The Monday Nighters presents:

Crimes of Passion

I don’t know what it’s like for the rest of you, toiling away in our lucky lands; but for some of us, being those shifty-eyed Sydney-siders who loiter about the place, the rental property market at the moment seems to shift in leaps and bounds.

We had mates of ours recently, who are more of a western suburbs (hills district) persuasion cop some pretty hefty rental rises – to the extent of 20-25%. As a consequence, they’re now once again wading into the murky waters of newspaper clippings and online cork boards in an attempt to hunt for that perfect bargain.

We, on the other hand, already pay a fairly high price for our accommodation, and so the generalised 5% increase is now on the cards come our new lease date, which isn’t too far off – and that’s ok. By contrast, we’re in a position (I live with a workmate and his Mrs.) to afford it. Plus it’s like 5mins from work. Win.

However, our friends, who I’d mentioned previously, had raised the issue of pooling our resources together (seeing as we together pay a considerable sum of money each week in rent) and sharing some kind of “party mansion”. My guess is “party mansion” means big house with lots of space, a patio, a big fuck-off kitchen and one bathroom.

Which, while its an entertaining prospect, isn’t really practical or pragmatic when you’re late-20′s odd and like your “quiet” time. So when our new lease came up, we applied the diplomatic approach and said “no thanks”..  and that is when the sky shattered and the sirens began their distant wail.

It’s like the world tore asunder, and some ghastly beast has crawled out from the cracks of reality. It’s as if a personal affront has been committed, and by saying no, we’ve now taken our finely-honed bed-and-breakfast razor, and sliced through the slime-encrusted umbilical chord of an otherwise cheerfully agreeable mateship.

And so it leads me to the questions of the day:

To what extremes do you seek the perfect abode?
Or, to what extent have you sacrificed your personal needs to share a place with others?

Have we now breached an era, due to our society’s communal walls closing in around us, where your ability to hovel in small spaces is an expectation and asset? Or do we still, as Australians, dream of those sparse open plains and relative solitude from our neighbors?

I raise this in interest, as I hear you Mexicans and our Darwinians up north aren’t that far behind.

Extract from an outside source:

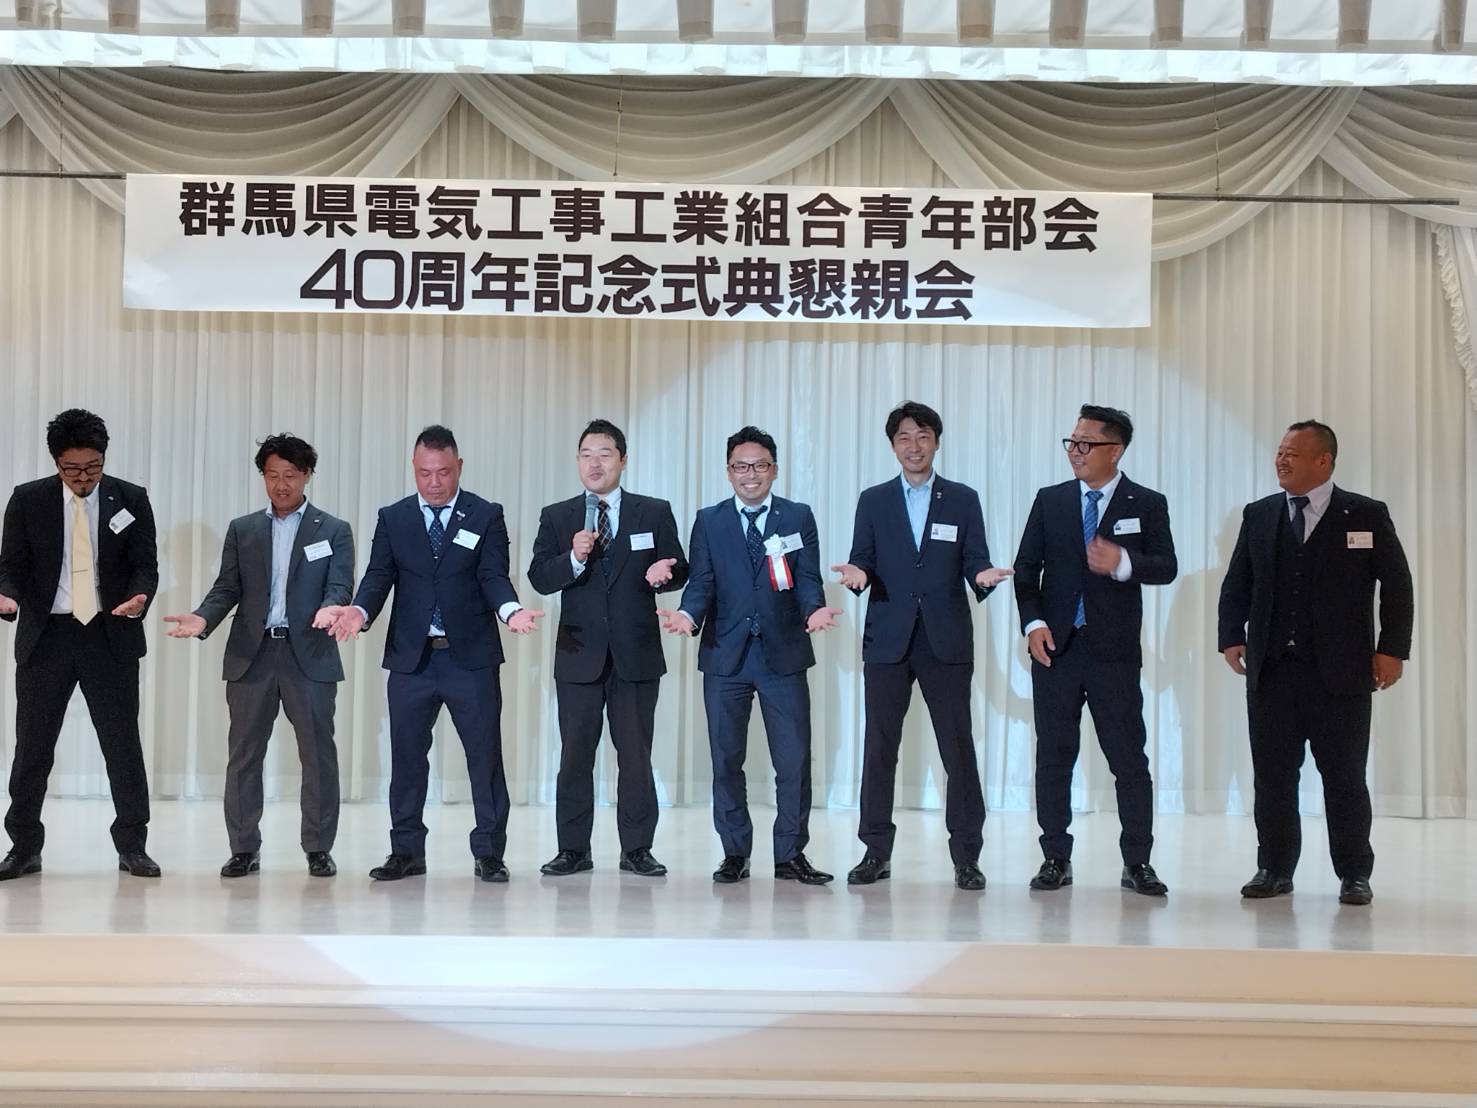 群馬県電気工事工業組合青年部会の40周年記念式典に参加のイメージ

4 Responses to “The Monday Nighters presents:”

  1. jort says:

    Waaaay too much hassle. It begins a slow spiral downwards, kind of like that of a knife being twisted in your kidney when it’s not meant to be there.

  2. Yka says:

    having gone through the hassle of finding a new place recently with an ‘acquaintance’, i feel for you.

    its all worked out pretty well in the end though for the following reasons:

    - the place is massive for what it is, 2 bathroom, 2 bedroom, 2 storey,
    - the bedrooms are at opposite ends of the house,
    - theres enough room upstairs or downstairs to feel comfortably alone while there may be a party going down on the level your not,
    - i get home late / wake late, flatemate sleeps early / wakes early so apart from a couple hour overlap we barely cross paths.

    the benefits of living with someone you barely know are abundant, particularly that you don’t feel you owe them anything on an emotional level. It just makes shit easier.

  3. knife says:

    If they got pissy about that you have to wonder how awesome it would have been locked into a lease with them for 12 months.

    First it starts with the toilet seat, then your stale pack of salt and vinegar tasty jacks you left on the table for a day and finally they will remove your manly right to drink straight from the milk bottle. Not cool.

    Being keen on the country Tash and I moved to the Adelaide hills, for space cheapness and so I can fang my bike as soon as I get on it instead of braving 20k’s of straight roads before the good shit.

  4. jort says:

    You forgot to mention the toilet paper.